Million inhabitants.
Tx = transplants.
WL = waiting list.
DD = deceased donors.
Fig. 1.
Pancreas transplant activity rate (incidence per million population) in USA and 13 European countries considered together (SEC) and individually during the period 2002–06.
In USA, although the number of patients on the active waiting list for PT at the end of each year decreased from 2835 in 2002 to 1984 in 2006 (−30%) (Table 1), the number of candidates awaiting PT that remained inactive increased from 753 in 2002 to 1970 in 2006 (162%) (data not shown). The number of patients on the active waiting list in SEC increased from 897 in 2002 to 1009 in 2006 (12.5%). In five SEC countries (Austria, Belgium, France, Italy and Sweden), it decreased; in another five (Germany, The Netherlands, Spain, Switzerland and United Kingdom), it increased, while in Norway this number did not change. In Denmark and Finland, there were no patients on the active waiting list during the period analysed (Table 1). We found no data about inactive candidates on the PT waiting list in SEC.
Deceased donation increased in USA from 6190 in 2002 to 8024 in 2006 (26%) and in SEC from 6422 in 2002 to 7340 in 2006 (14.3%) (Table 1). The DD rate was higher in USA (21.52 p.m.p. in 2002 and 26.89 p.m.p. in 2006) than in SEC (17.51 in 2002 and 19.56 in 2006), but the differences were not as high as in PT activity, only 1.2–1.38 times higher during the period analysed. Three SEC countries (Austria, Belgium and Spain) showed similar or higher DD activity rate than USA, while France, Finland and Italy showed a higher activity rate than the SEC median (Figure 2).
Fig. 2.
DD activity rate (incidence per million population) in USA and 13 European countries considered together (SEC) and individually during the period 2002–06.
From 2002 to 2006, the total number of DDKT increased in both USA (from 8593 to 10 659; 24.8%) and SEC (from 10 736 to 11 955; 11.3%). Accordingly, DDKT activity rate was slightly higher in USA, but five SEC (Austria, Belgium, Finland, France and Spain) showed higher activity rate than USA (Figure 3).
Fig. 3.
Deceased kidney transplant activity rate (incidence per million population) in USA and 13 European countries considered together (SEC) and individually during the period 2002–06.
The total number of DDLT increased in USA from 4969 in 2002 to 6362 in 2006 (28%), whereas a lower increase was observed in SEC (from 4757 in 2002 to 5536 in 2006; 16.4%). DDLT activity rate was higher in USA (17.27–21.32 p.m.p.) than in SEC (12.97–14.75 p.m.p.) between 2002 and 2006, but the differences were not as high as in PT (only 1.3–1.44 times higher). Only two SEC countries (Belgium and Spain) showed a higher DDLT activity rate than USA (Figure 4).
Fig. 4.
Deceased liver transplant activity rate (incidence per million population) in USA and 13 European countries considered together (SEC) and individually during the period 2002–06.

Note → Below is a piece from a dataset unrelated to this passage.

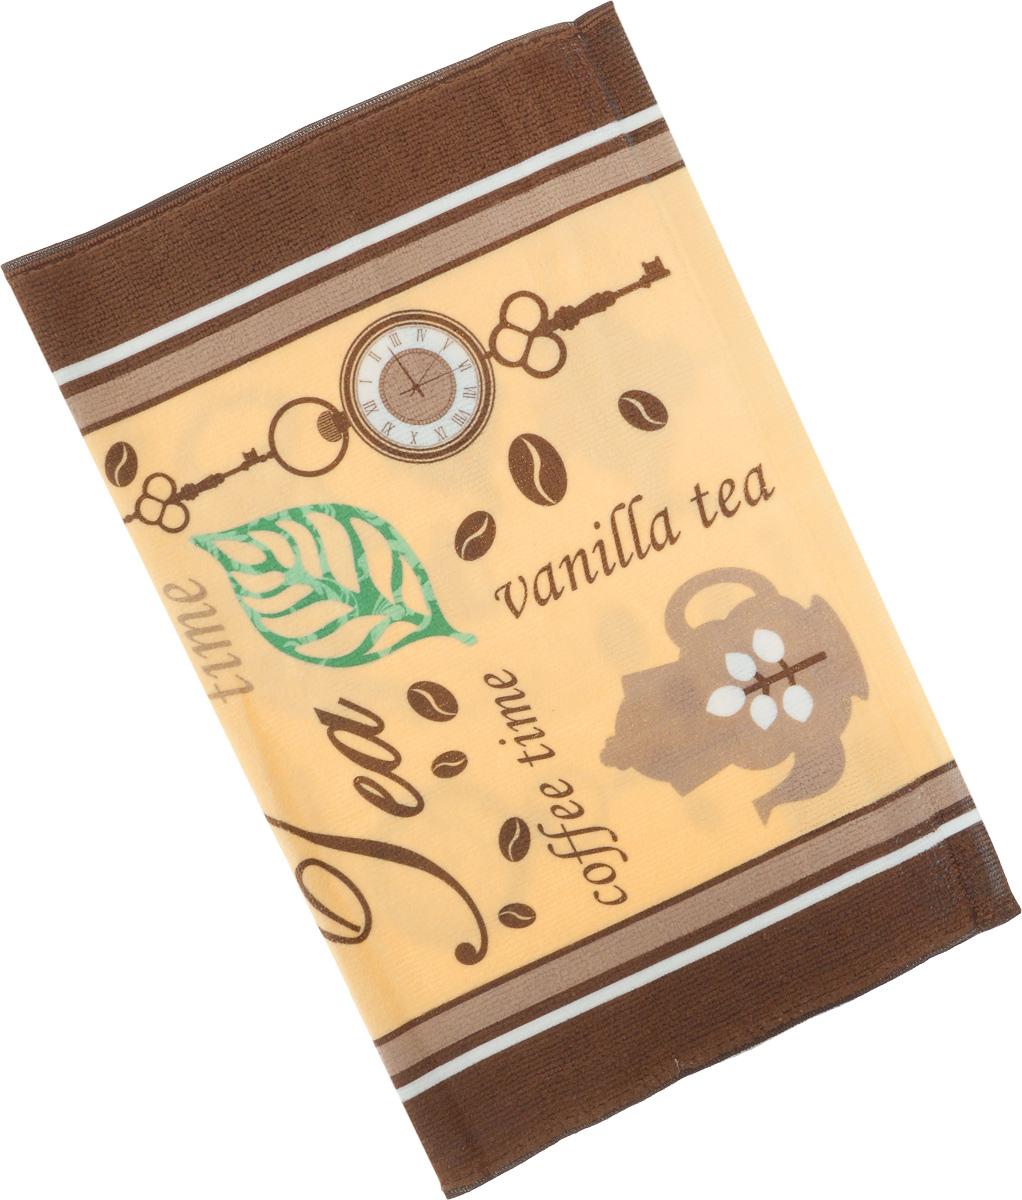 Полотенце кухонное Soavita Чай-Кофе, 38 х 50 см. 7712477124Кухонное полотенце Soavita Чай-Кофе, выполненное из высококачественной микрофибры (80% полиэстер, 20% полиамид), оформлено оригинальным рисунком. Изделие предназначено для использования на кухне и в столовой.Такое полотенце станет отличным вариантом для практичной и современной хозяйки.
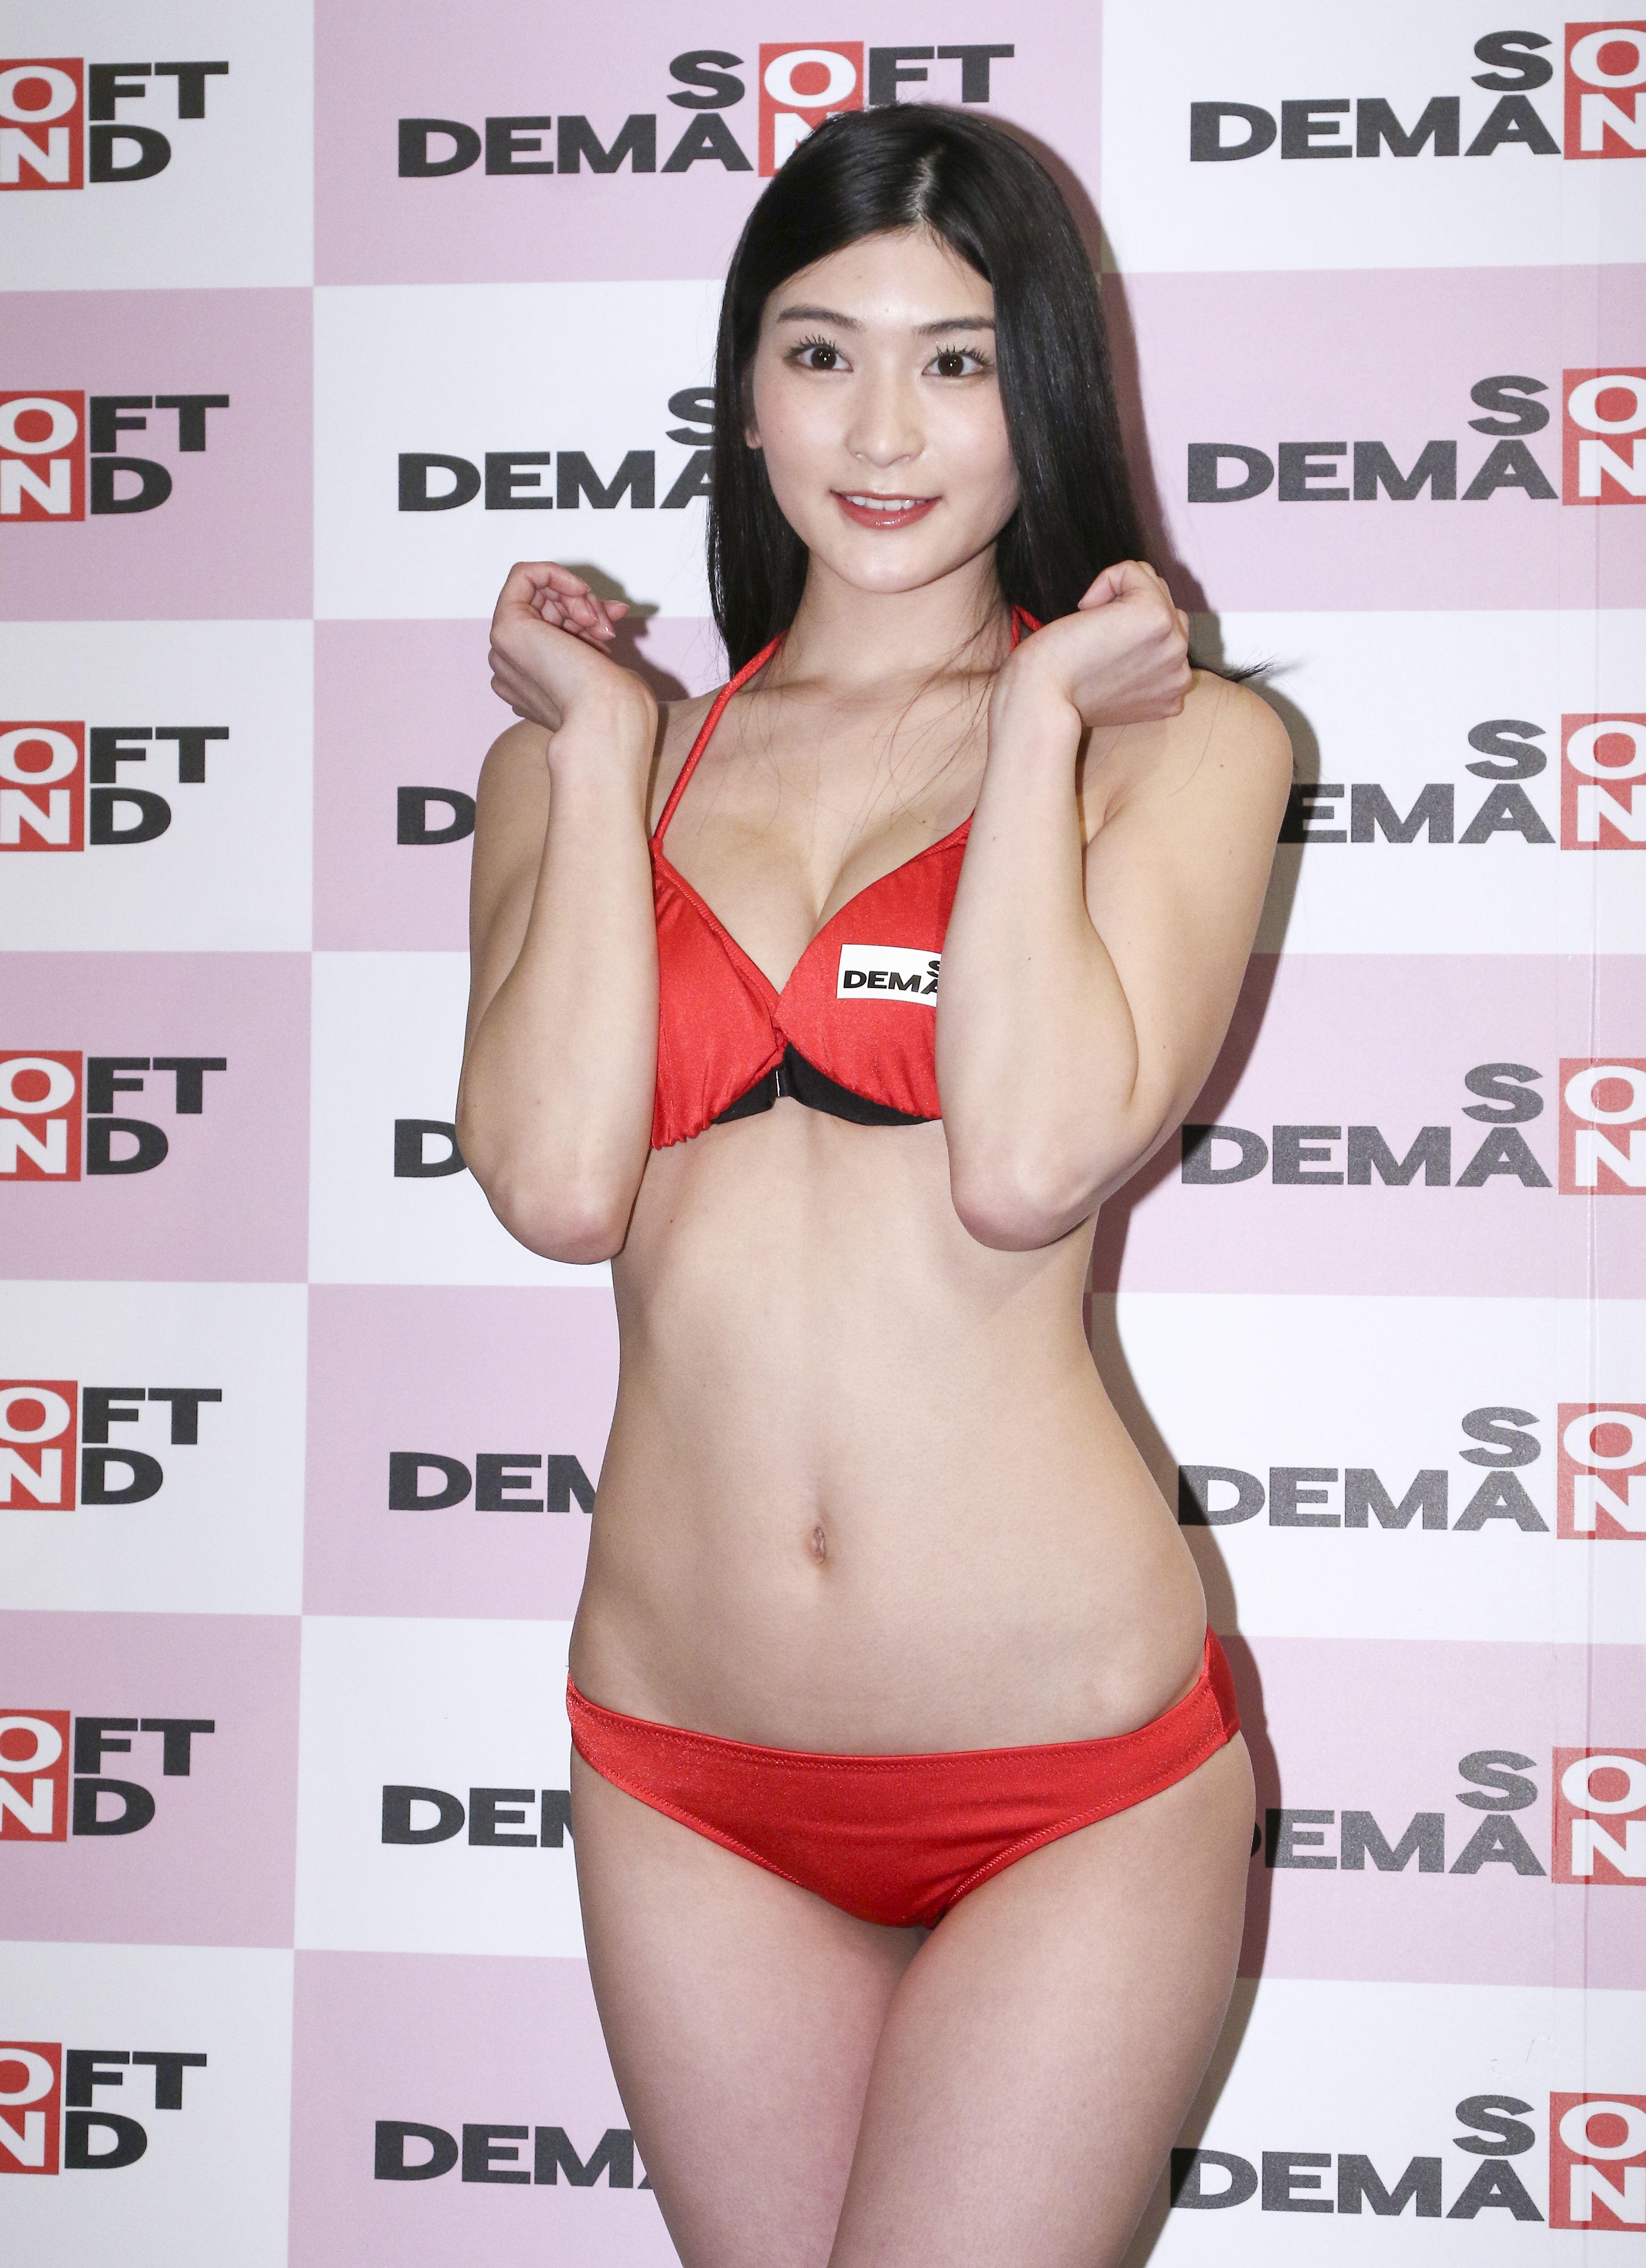 日本SOD人氣新人AV女優本庄鈴現身台北宣傳新片發布會(記者林士傑/攝影)

The total number of HT was similar between 2002 and 2006 in USA (2155–2192; 1.7%) and SEC (1970–2011; 2.1%), with a higher activity rate in USA. Nevertheless, four SEC (Austria, Belgium, Norway and Spain) showed a similar or higher HT activity rate than USA (Figure 5).
Fig. 5.
Heart transplant activity rate (incidence per million population) in USA and 13 European countries considered together (SEC) and individually during the period 2002–06.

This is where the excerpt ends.